How to complete this task
From the entries below, determine the number of lines that contain "total". Give that number by itself.

═══ Source material ═══

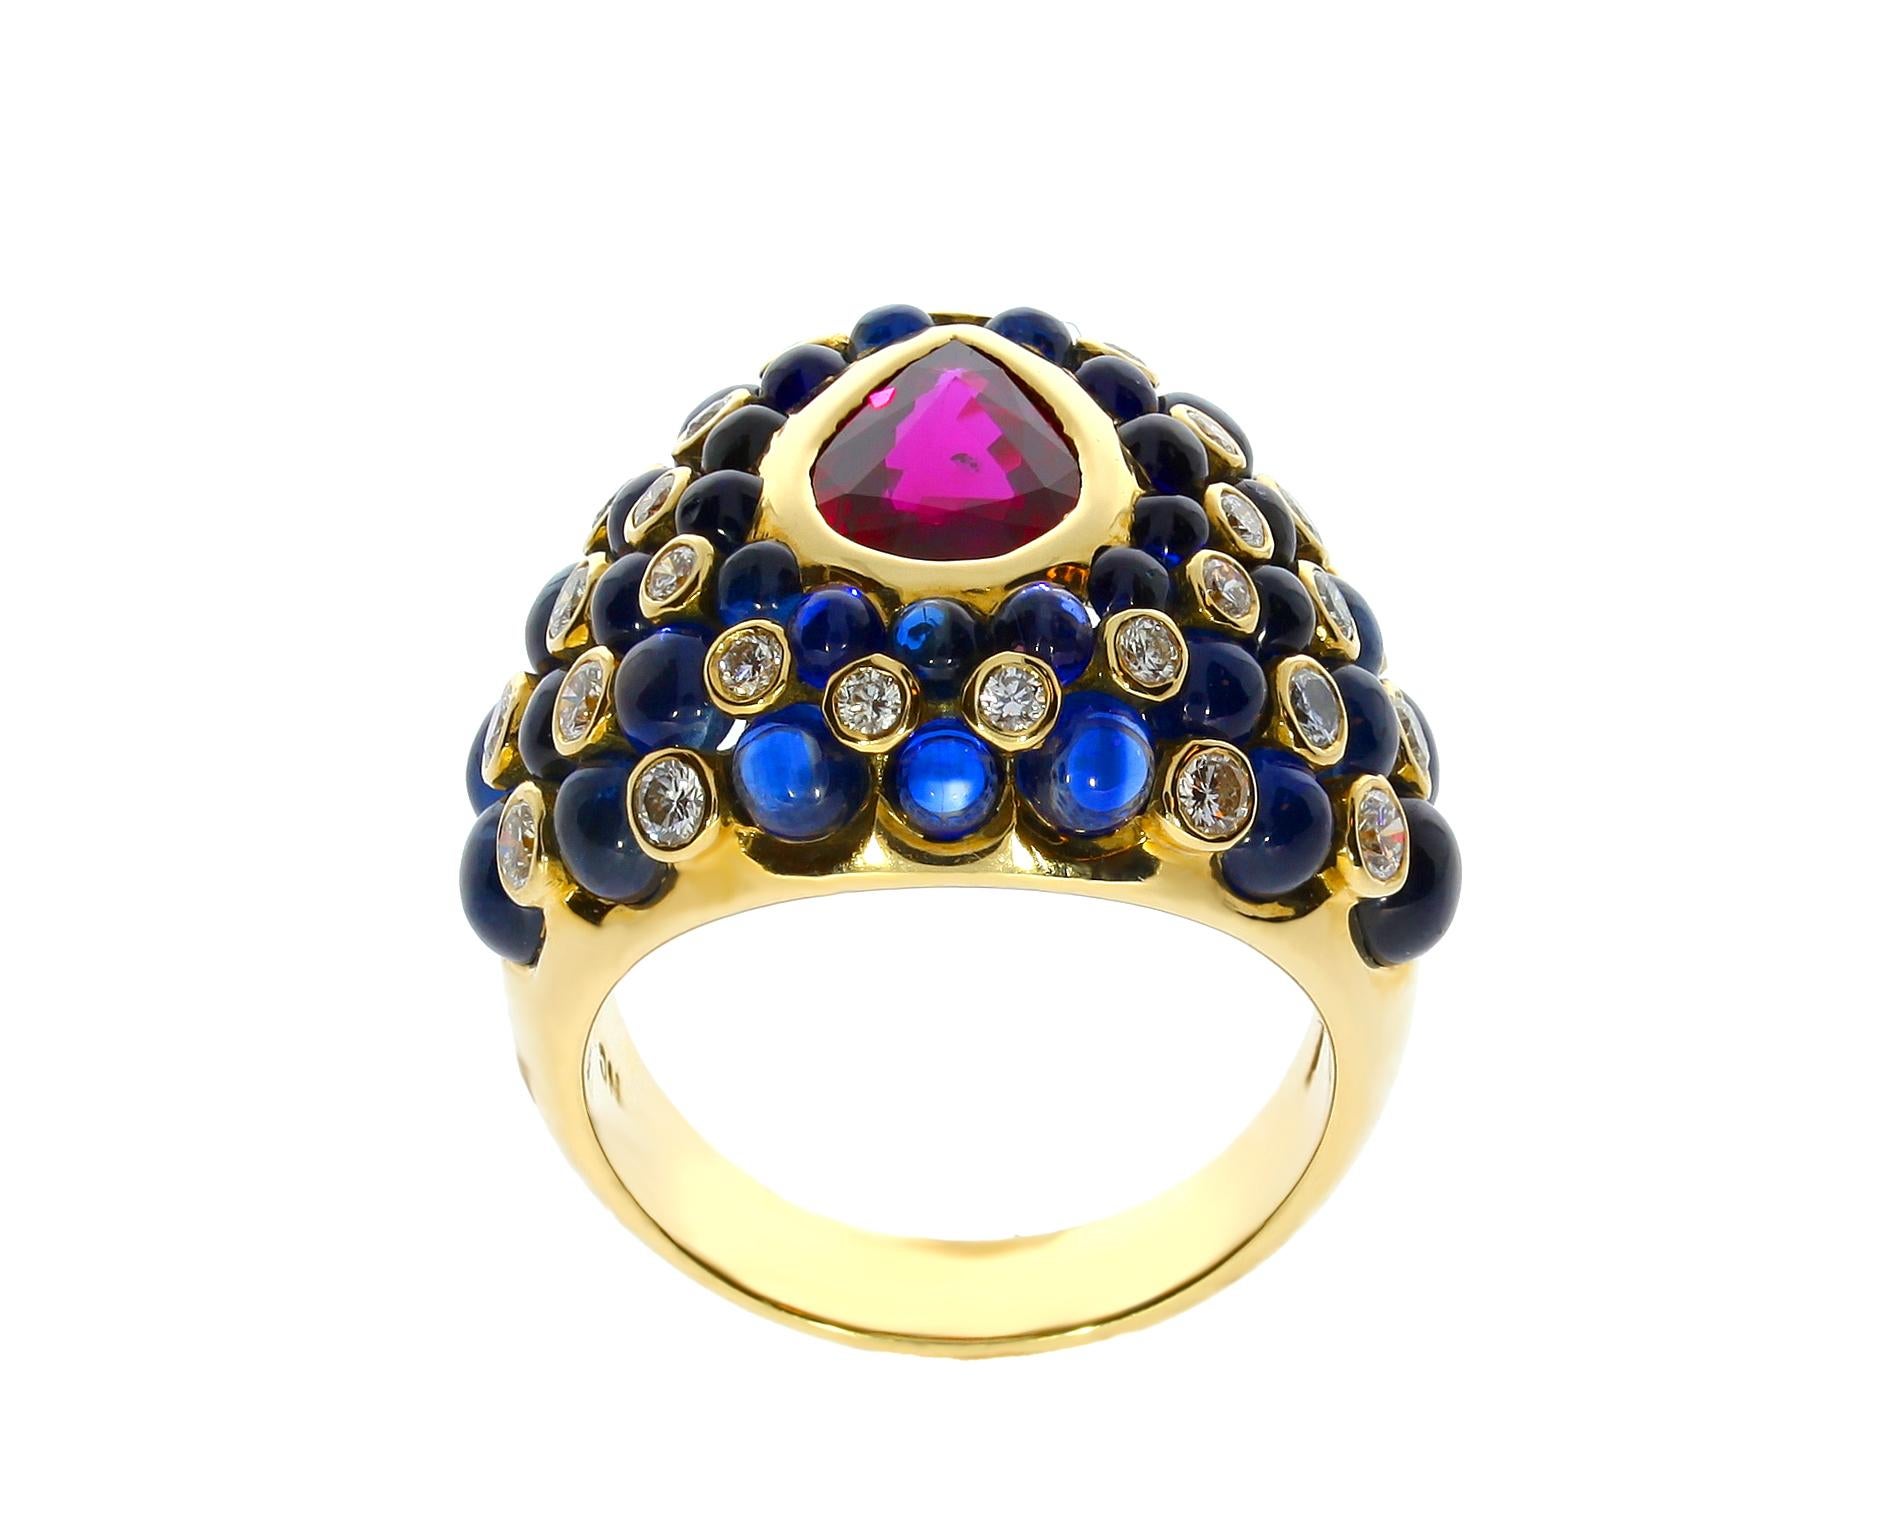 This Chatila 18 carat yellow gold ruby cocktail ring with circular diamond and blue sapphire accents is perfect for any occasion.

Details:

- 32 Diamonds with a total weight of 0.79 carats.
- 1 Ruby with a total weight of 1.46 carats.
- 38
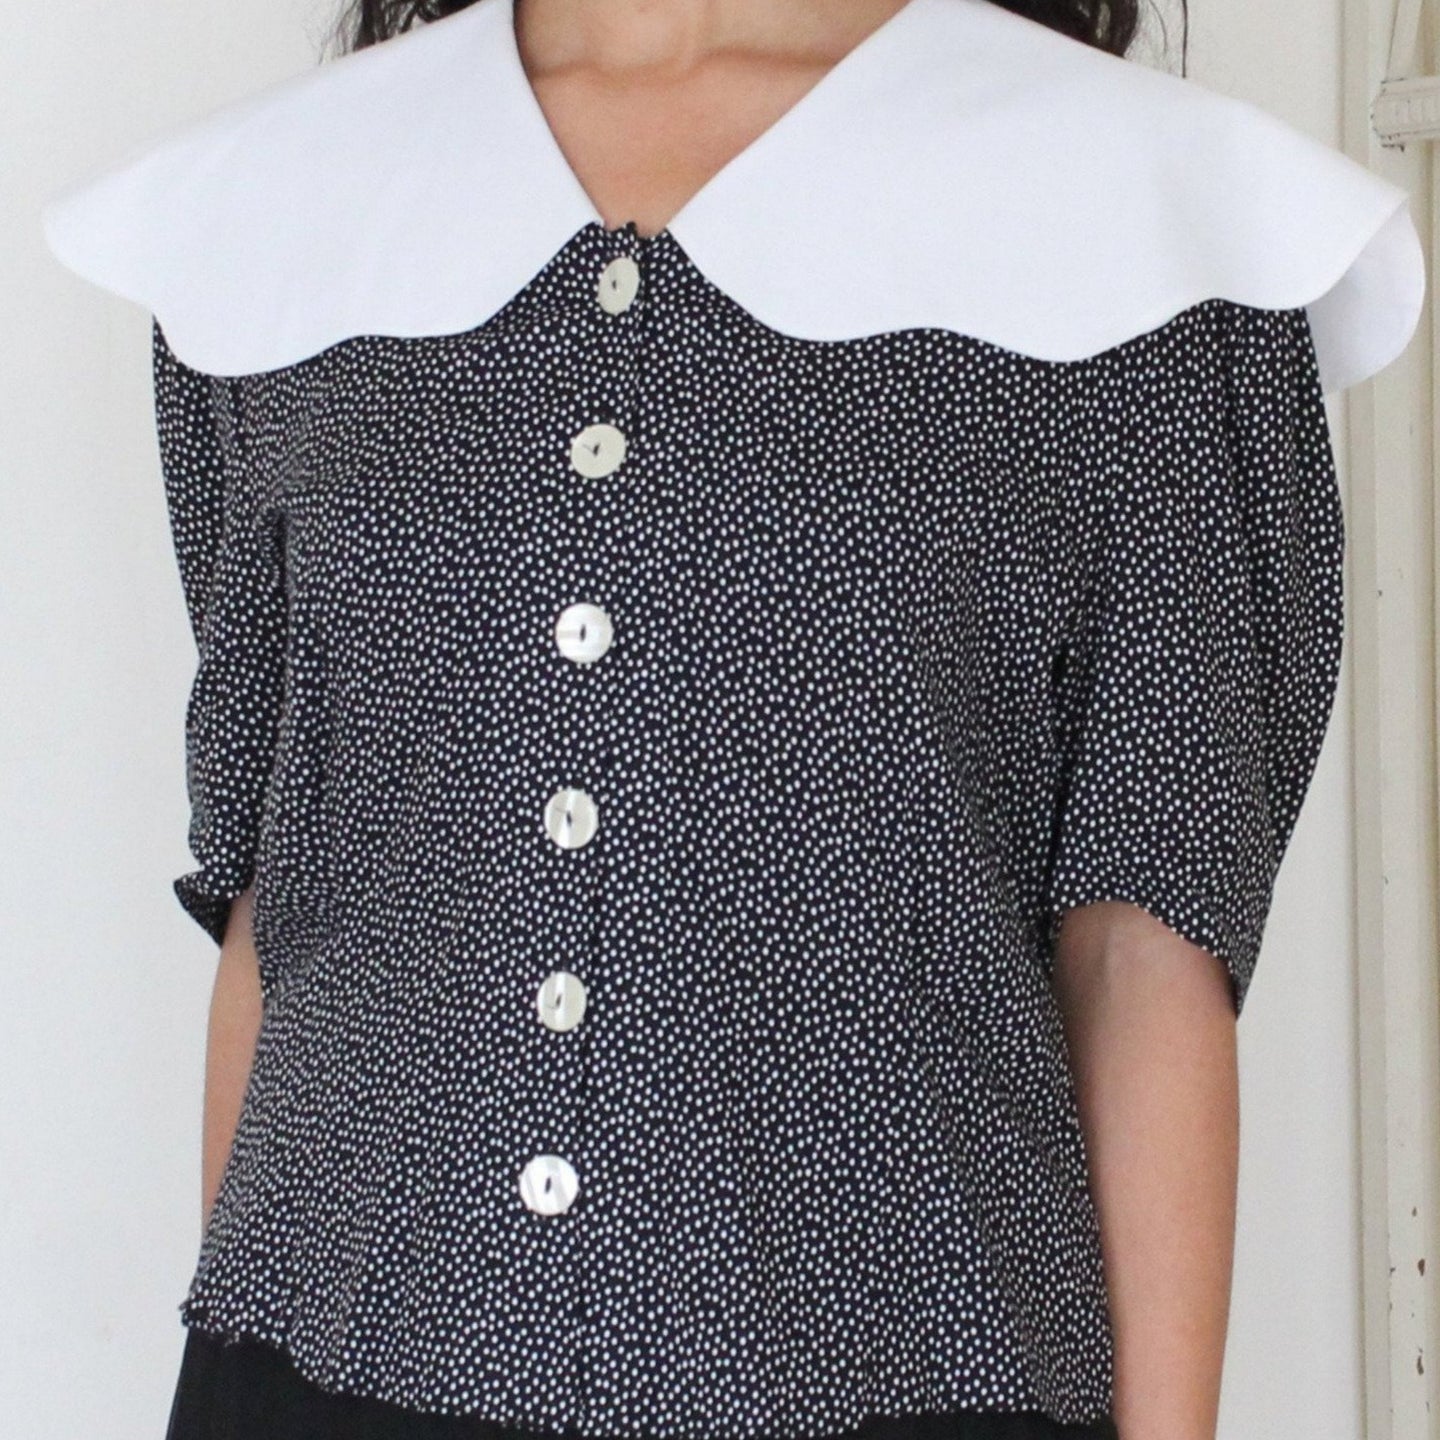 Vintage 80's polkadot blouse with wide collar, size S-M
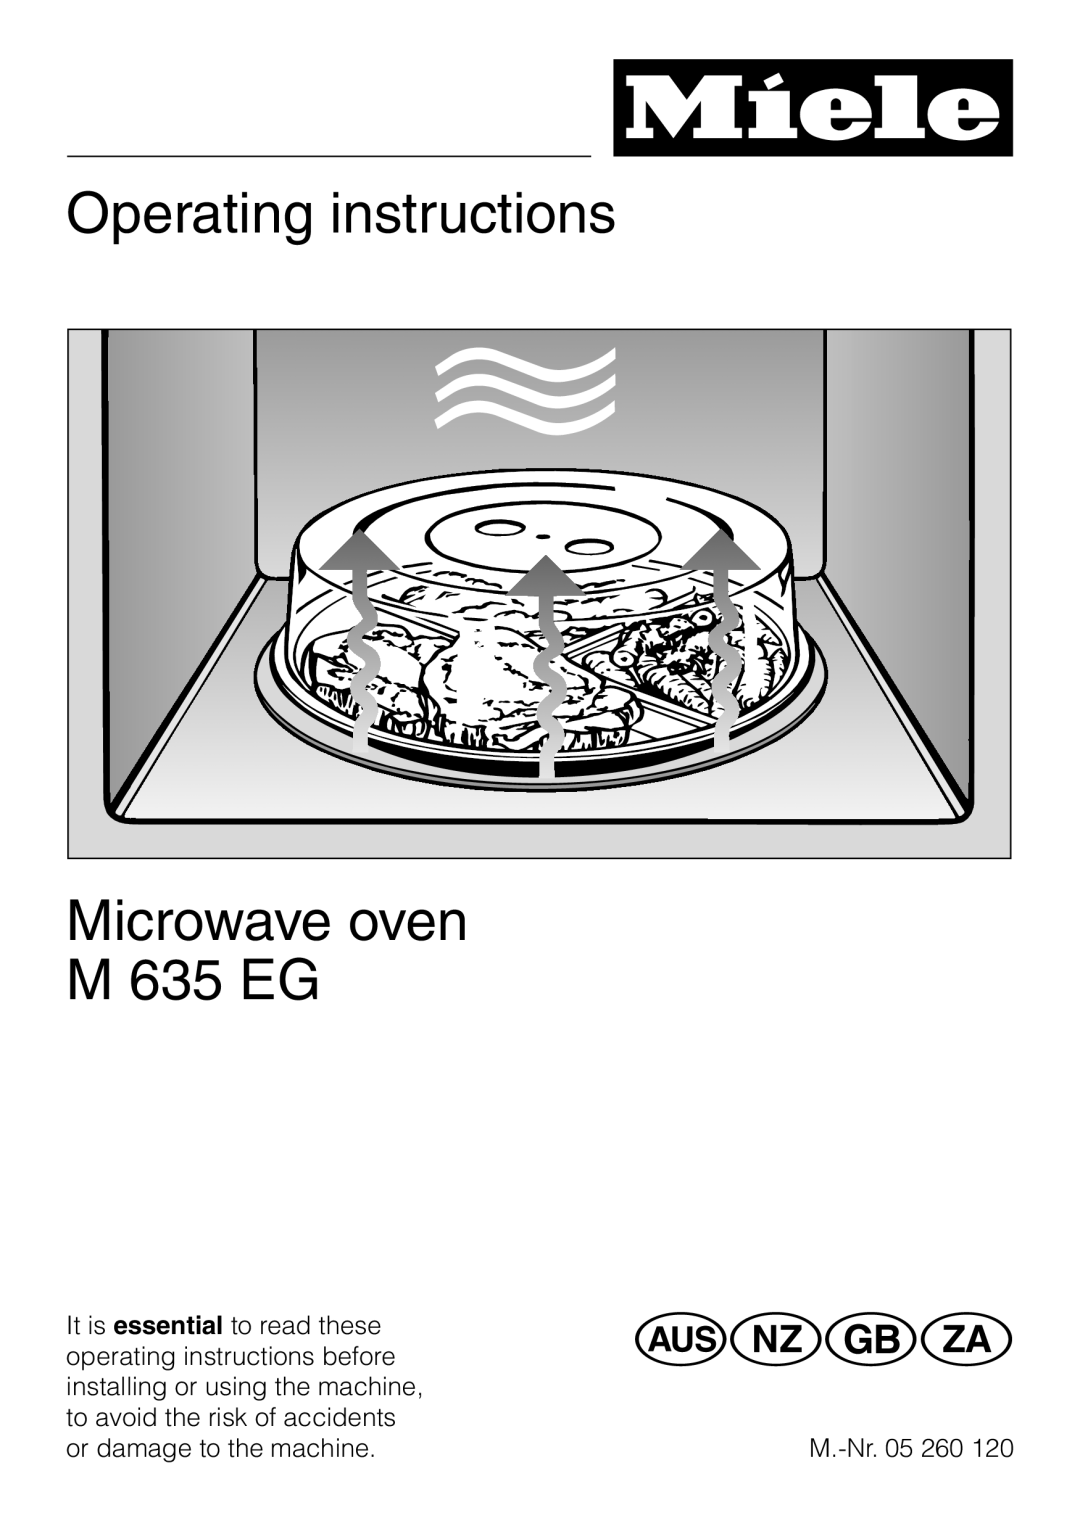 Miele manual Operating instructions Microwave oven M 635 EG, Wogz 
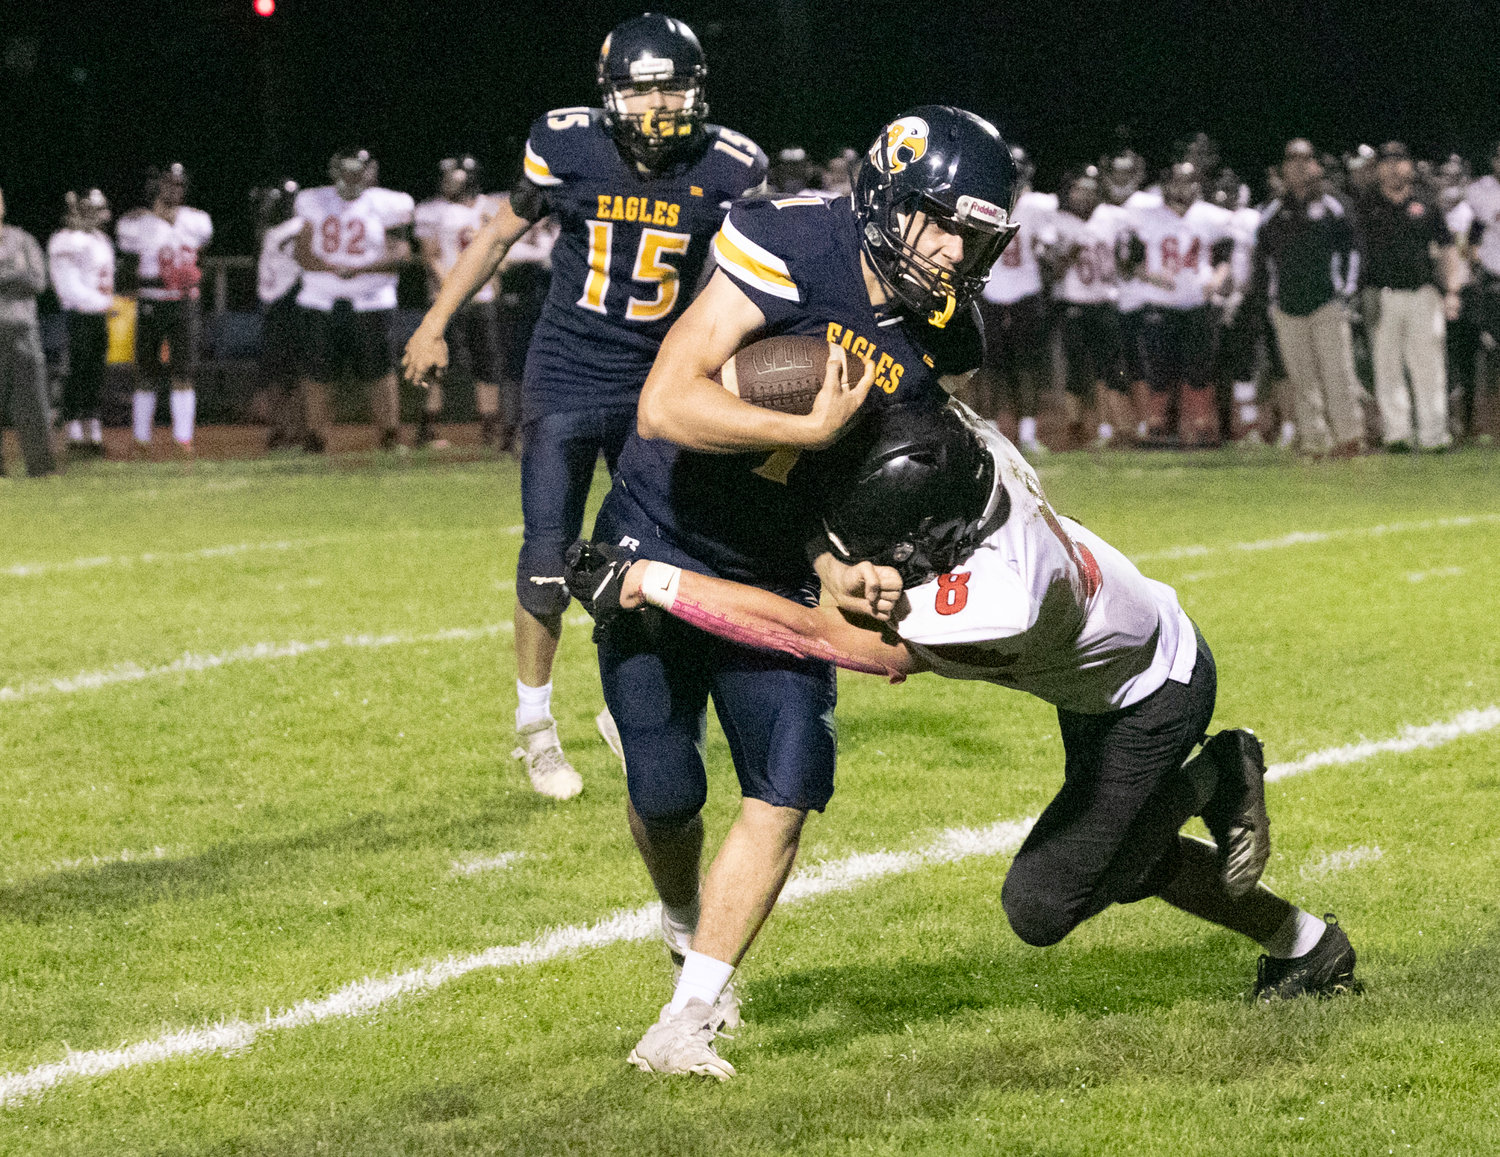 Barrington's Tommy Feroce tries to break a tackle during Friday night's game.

═══

Solution to the problem
2